In the following articles, we focus on the Red Heifer of Parsha Chukat, Numbers 19:1-22:1. The first article explores some of the studied beliefs of Jewish sages, as well as gives over some of the thoughts of our guest author. The second article, also from Serafini’s research, is strictly Karaite. Your comments are appreciated.

By Guest author Nathanael Serafini

Parashat Chukat begins with the laws of the *parah adumah* – the red heifer – including the process necessary for preparing the waters of purification and the purification ritual itself. The Torah introduces the topic in this way: “This is the law of the Torah” (Numbers 19:2).

These words evoke an obvious exegetical question: why did the Torah not say “This is the law of the red heifer”? After all, the subject that follows consists of the laws of the red heifer, not the entirety of the Torah’s laws.

Additionally, if a person touches a dead human body, they are considered *tamei met* (impure from death) for seven days. During this period, such a person cannot enter the Beit Hamikdash (Holy Temple), and it goes without saying that they cannot participate in the sacrifices offered there. The person is purified again when they are sprinkled with water mixed with the ashes of the red heifer on the third and seventh days of their impurity.

The red heifer had to be of a very rare color, completely red and free of black (or white) hairs. Furthermore, no yoke was to have been placed upon the animal. This was no small feat in a country where cows were among the most used animals for fieldwork. Finding such a cow was evidently an arduous task, and when it was found, its price soared. Our Sages tell us that over the hundreds of years during which our nation lived on its land, the red heifer was discovered only a few times, after which it was slaughtered so that the ashes could be prepared.

Anyone reading this passage for the first time must find it perplexing. And even those who read it year after year may feel uneasy trying to interpret this law. What is this law supposed to be? Why ashes? Why a cow? And why did it have to be red?

We should not feel uneasy if we have never succeeded in understanding how – or why – this works. It is one of the most peculiar laws of the Torah, and even our Sages testified that it is a decree made by God Himself, a decree that surpasses human understanding. Nevertheless, we will try to make sense of it all and evaluate what lies behind this enigmatic subject.

Two teachings will help us understand the topic.

In one of these teachings, we can ask the following question: “Why were all the sacrifices male sheep or goats, while this one was a female cow?” In the Scriptures, the responsibility of motherhood is often associated with the faults of their children, for example in the case of Hagar with her son Ishmael (Genesis 21:10), and other matriarchs like Leah and Rachel held the same responsibility regarding their sons (Genesis 30:16). Although we Karaites have faith only in the Miqra (Tanakh), it is interesting to read for informational purposes the opinions of the midrashim that sometimes illustrate Torah concepts. In this regard, we find: “Let the cow come and atone for the sin of the calf” (Bamidbar Rabba 19:8).

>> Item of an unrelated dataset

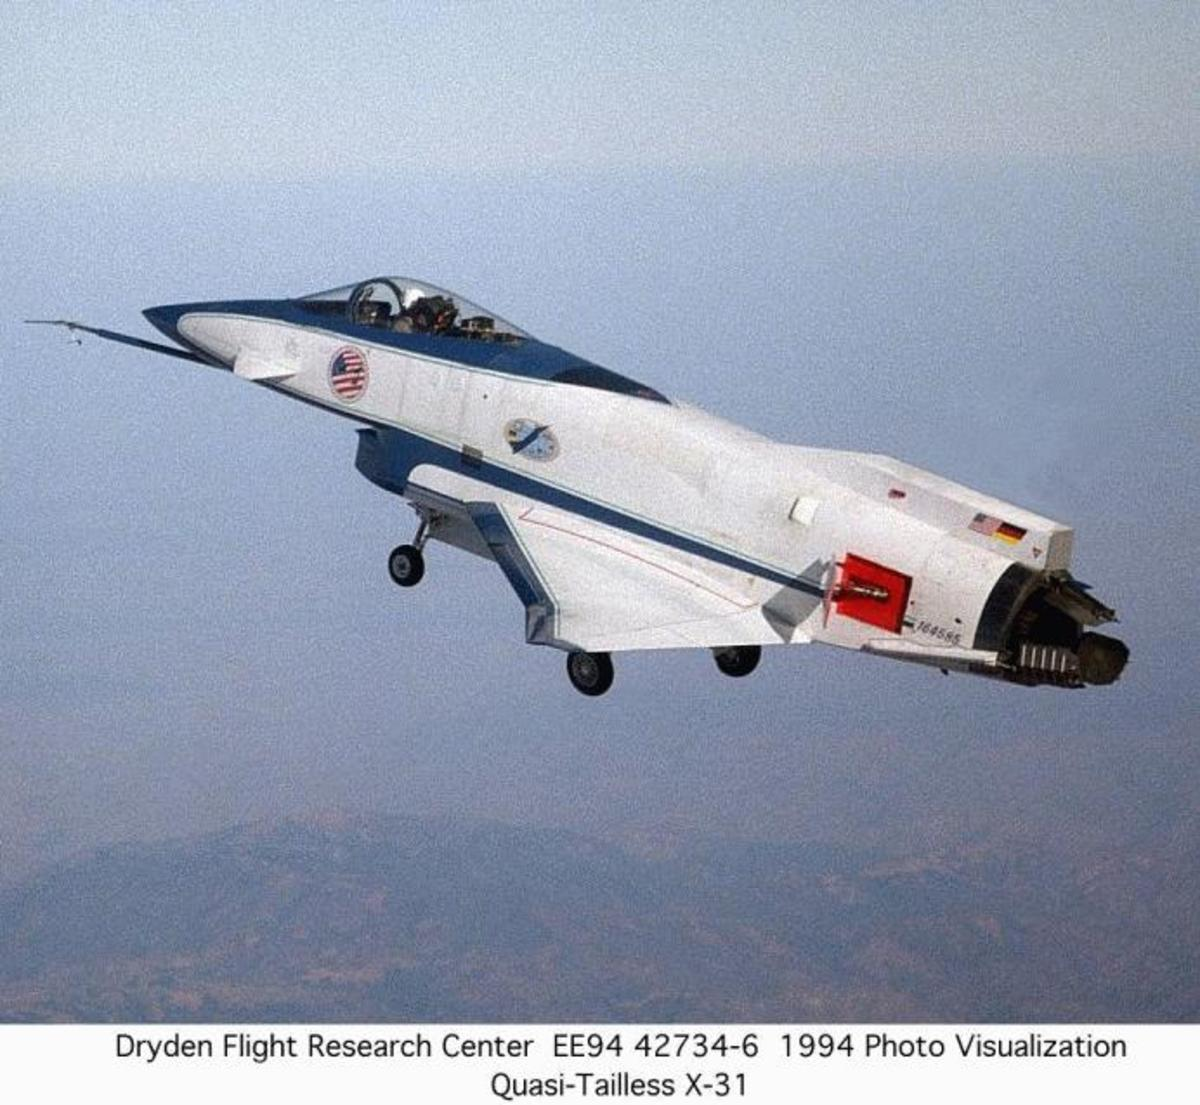 X-31 aircraft mid air.

It would therefore be appropriate to understand that the burning of the red heifer is symbolically on the same level as the sin of the golden calf and the impurity it produced, and we now ask the cow to wipe it away, in the sense of erasing, of making *teshuvah*. How do we do that? And what is the connection between these two things?

Why could the red heifer atone for the sin committed with the golden calf? Isn’t this sin scarlet red? Aren’t all sins scarlet red? So it is this symbolic red color of sin that gives the desired dimension to this “red” heifer. Life is found in the blood (Leviticus 17:11) and is carried by the blood, which is its home; it is the bearer of life but also an indicator of death, which comes to an individual who has played with life (Genesis 4:10). And when the ashes of the heifer are burned, they become white, as it is said: “Though your sins are like scarlet, they shall be as white as snow” (Isaiah 1:18).

These two symbols point us in the same direction: the sin of the golden calf is the most significant of all sins, especially since it was the first sin committed after the Torah was given at Mount Sinai. It serves as a model for other human failings. The essence of this failure is people’s attachment to a material and sensory world: in showing the golden calf, the people exclaimed: “These are your gods, O Israel” (Exodus 32:4).

The desire to cling to materialism has led us to imagine that material objects are what truly matter, while spirituality and the living soul are merely ephemeral phenomena. A confrontation with death could intensify this feeling: faced with death, man feels how ephemeral and arbitrary the physical world is.

Man might, unfortunately, come to think that material life is the foundation of our existence in the world, and that without the physical component, the world has no meaning. The feeling of emptiness one feels in the face of death is what the Torah calls *tumah* – impurity – and this is what the Torah attempts to eradicate. The red heifer reminds us that decay in the world is the product of sin.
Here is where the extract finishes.